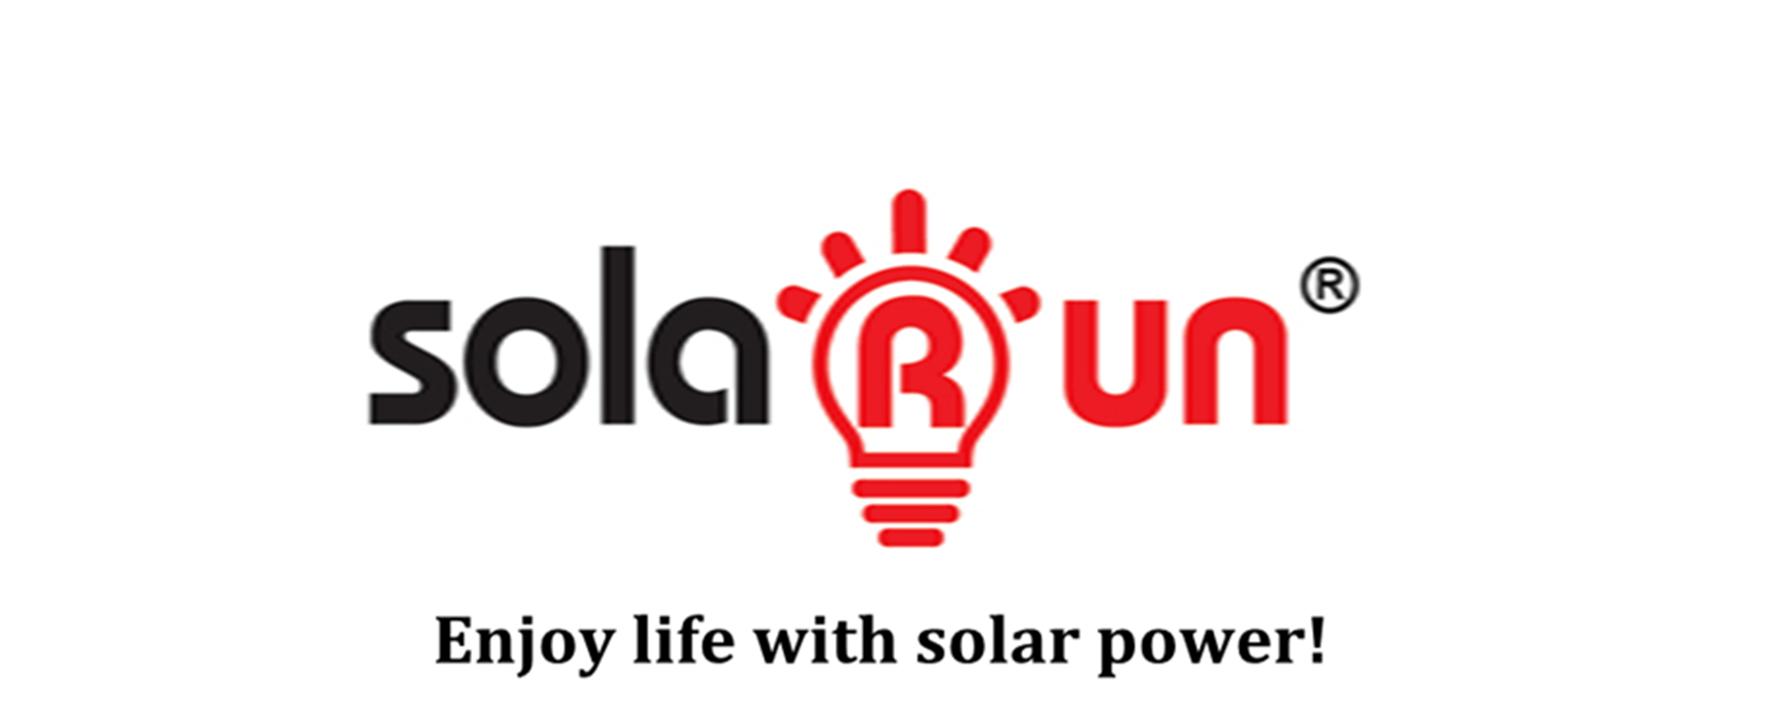 Pay As You Go Home Solar Energy System,Solar Run Energy Co.,Ltd
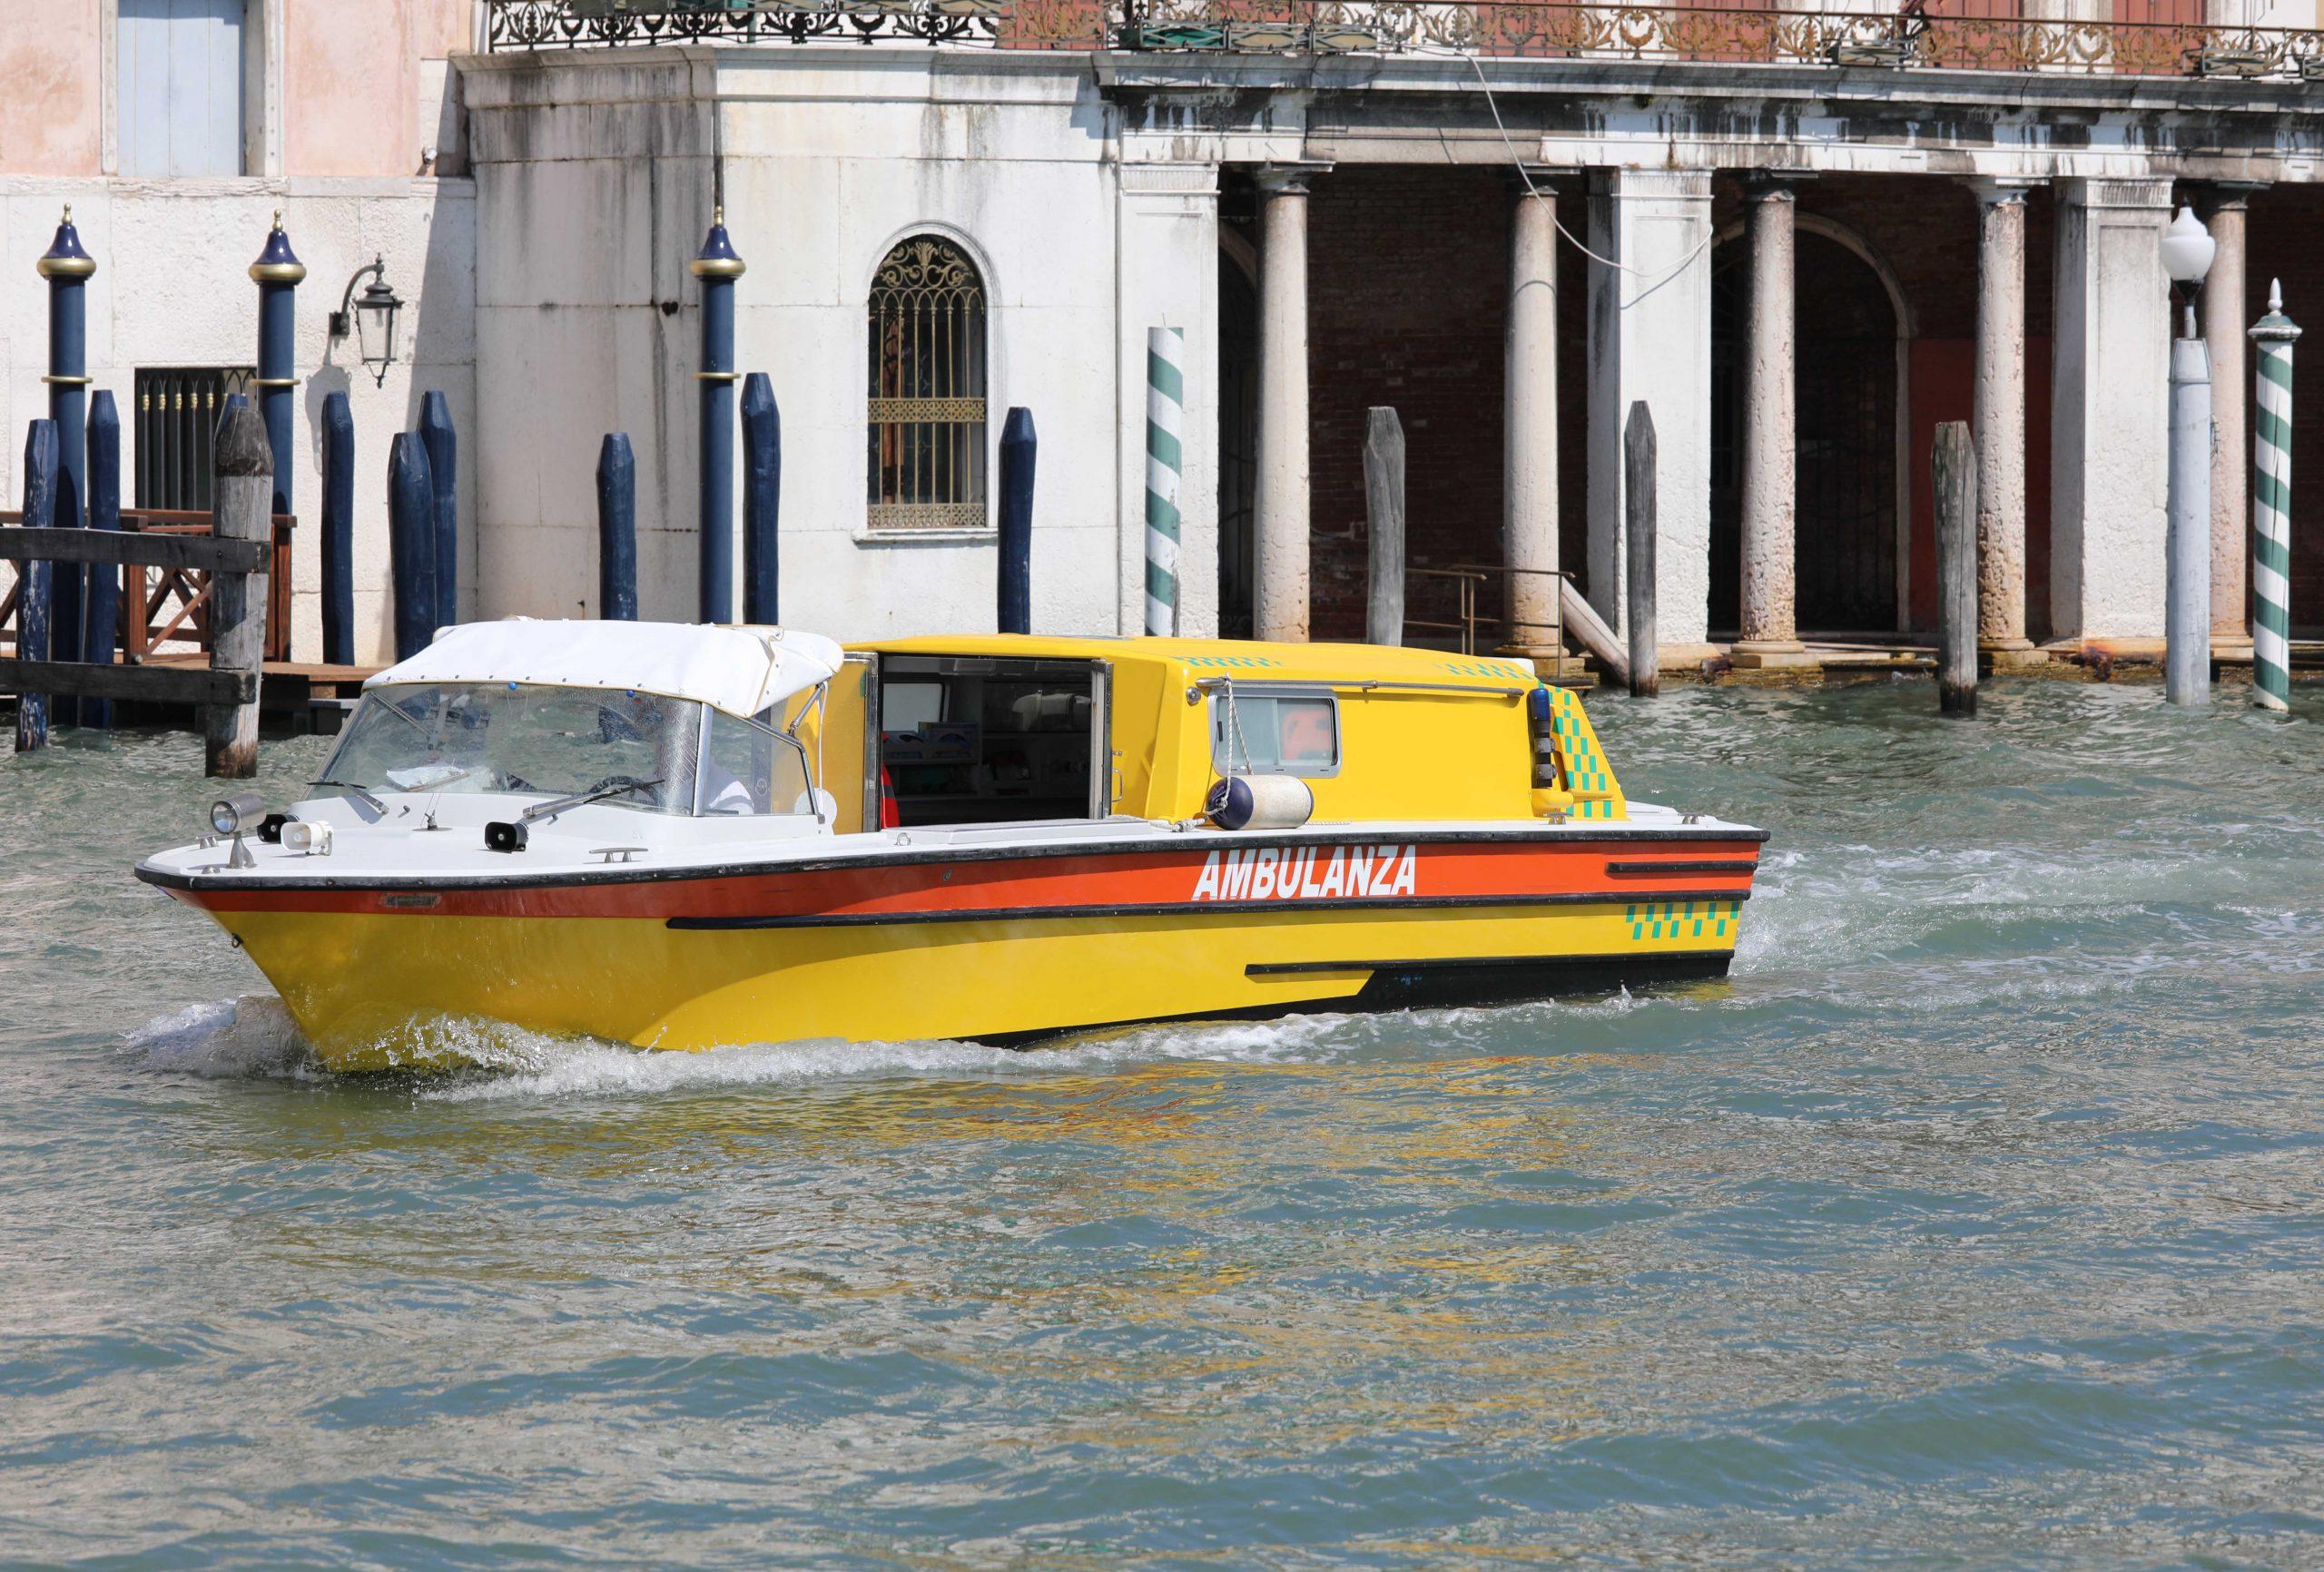 Ambulance USA Boat Ambulance scaled
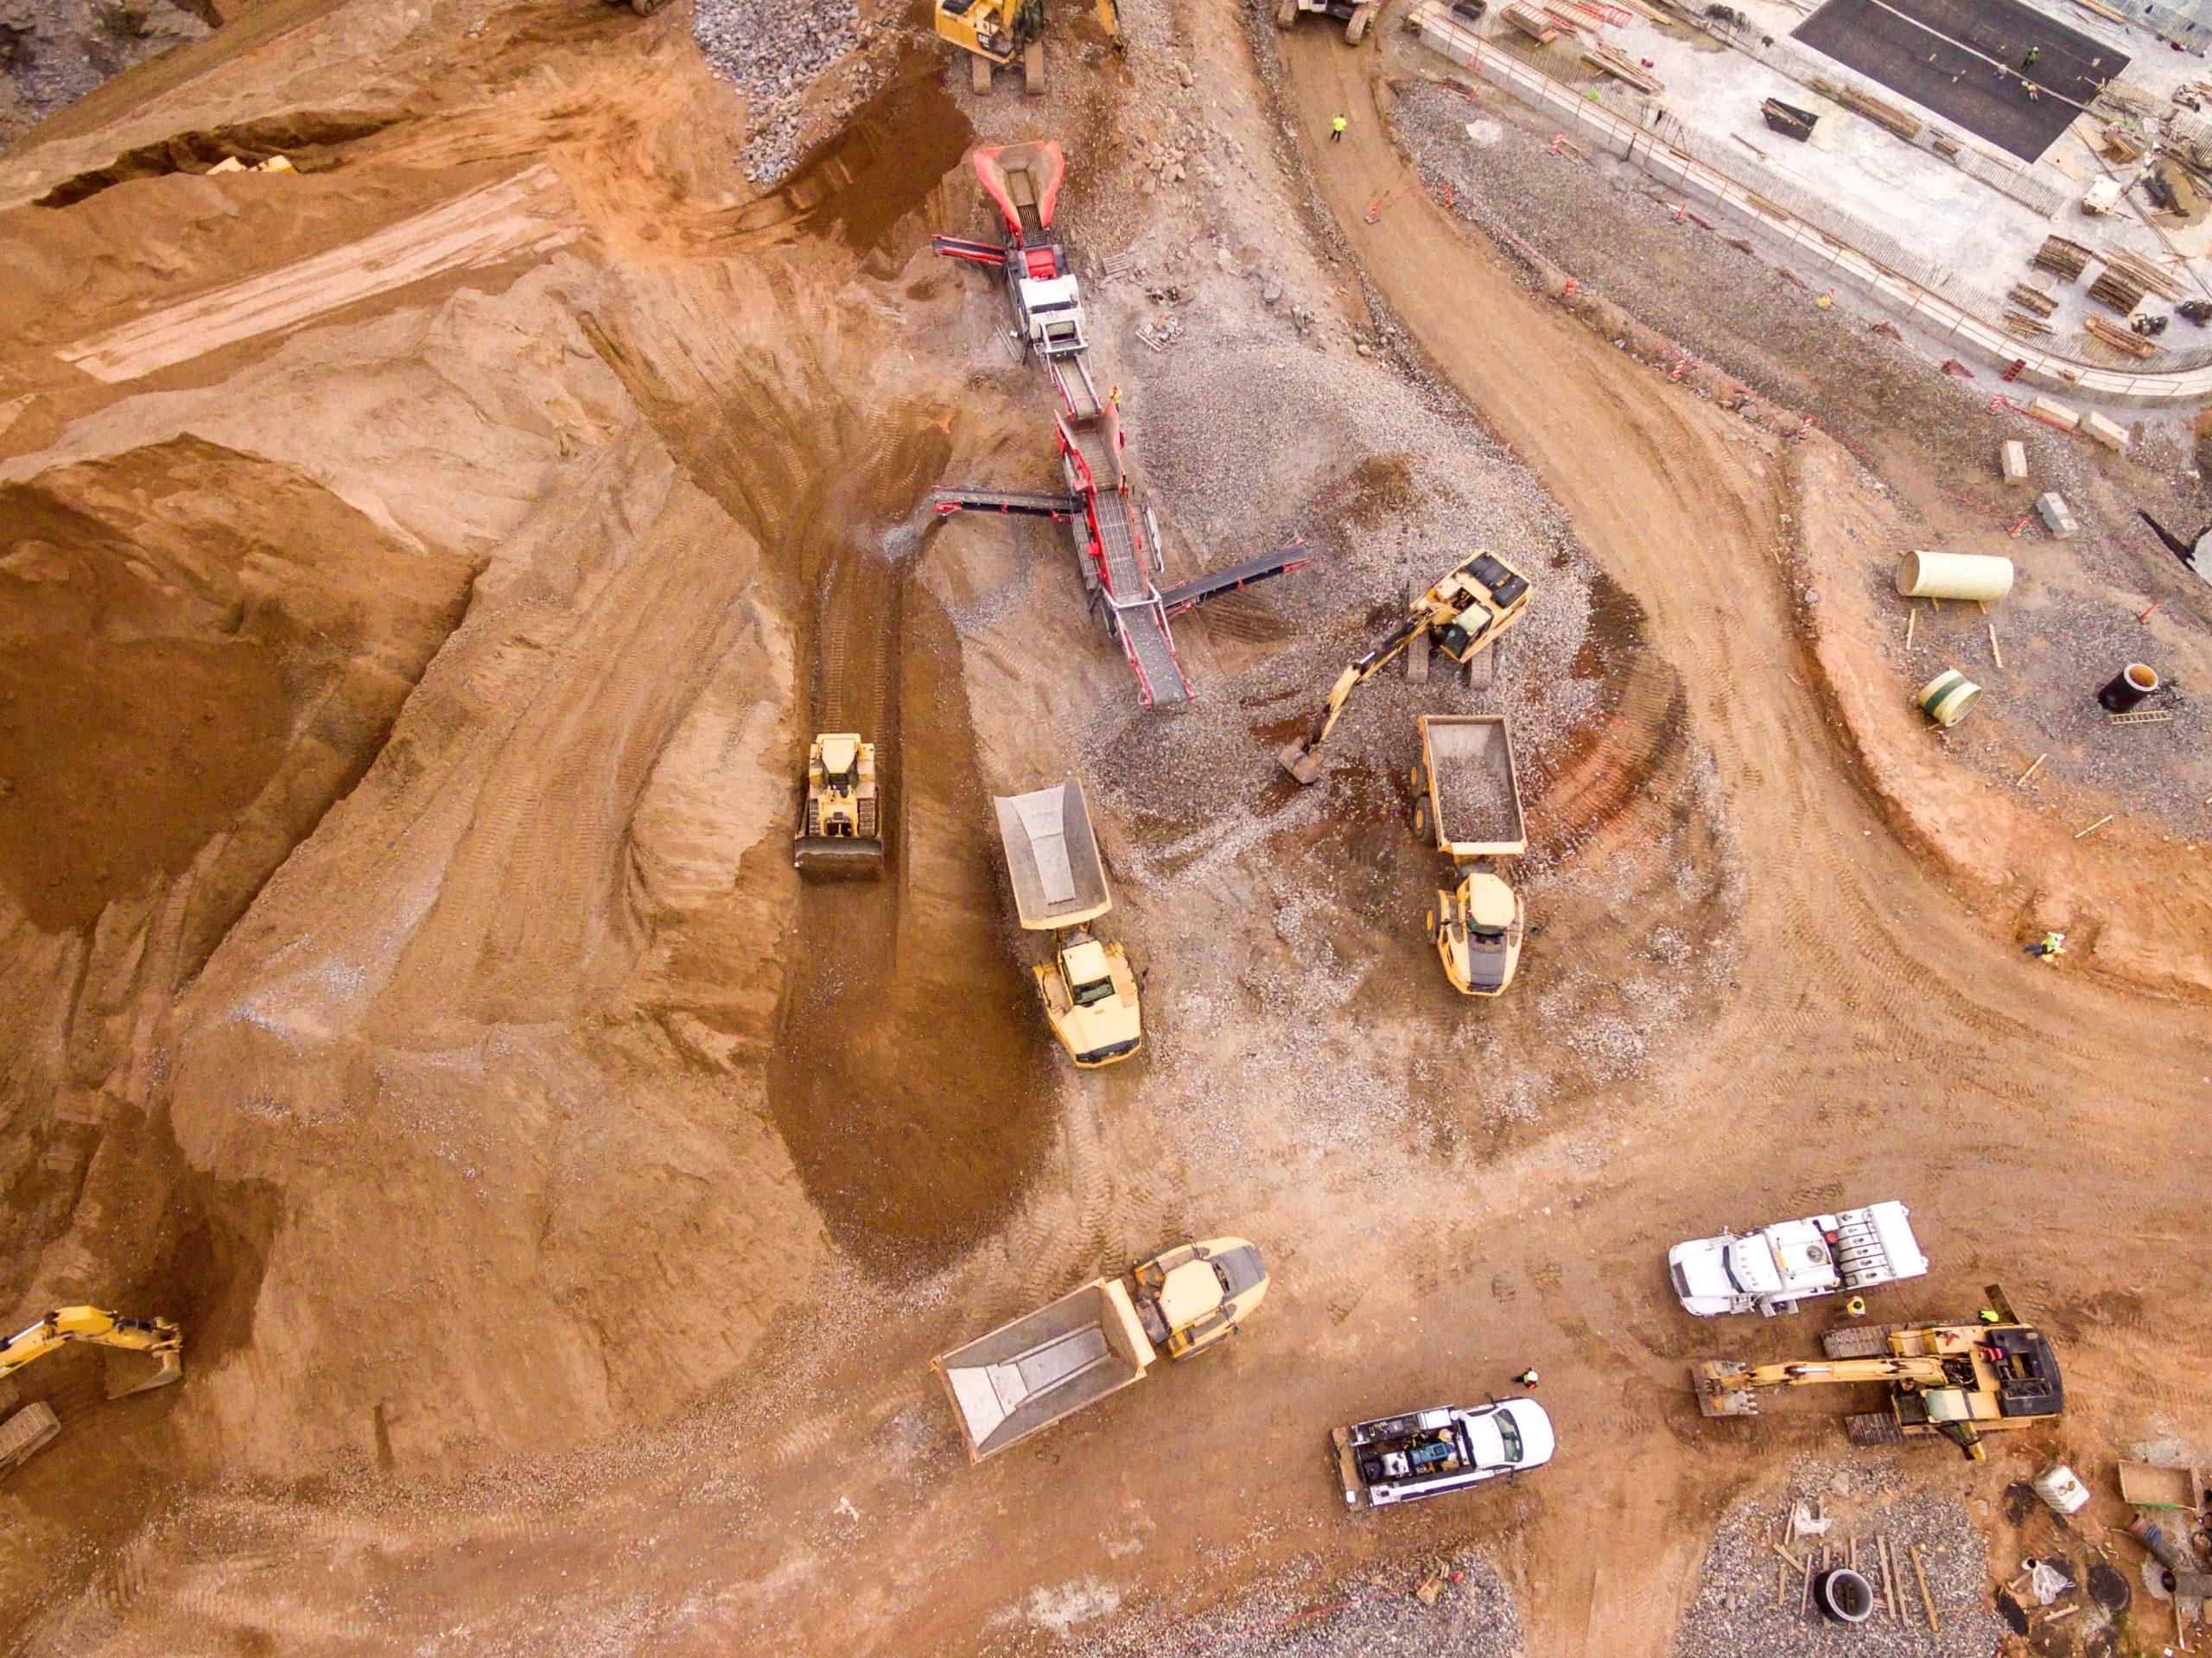 Trucks at a mining site

● **Requirement**
Omit the pictures and print the listing exactly.

● **Response**
 Pay As You Go Home Solar Energy System,Solar Run Energy Co.,Ltd
 Ambulance USA Boat Ambulance scaled
 Trucks at a mining site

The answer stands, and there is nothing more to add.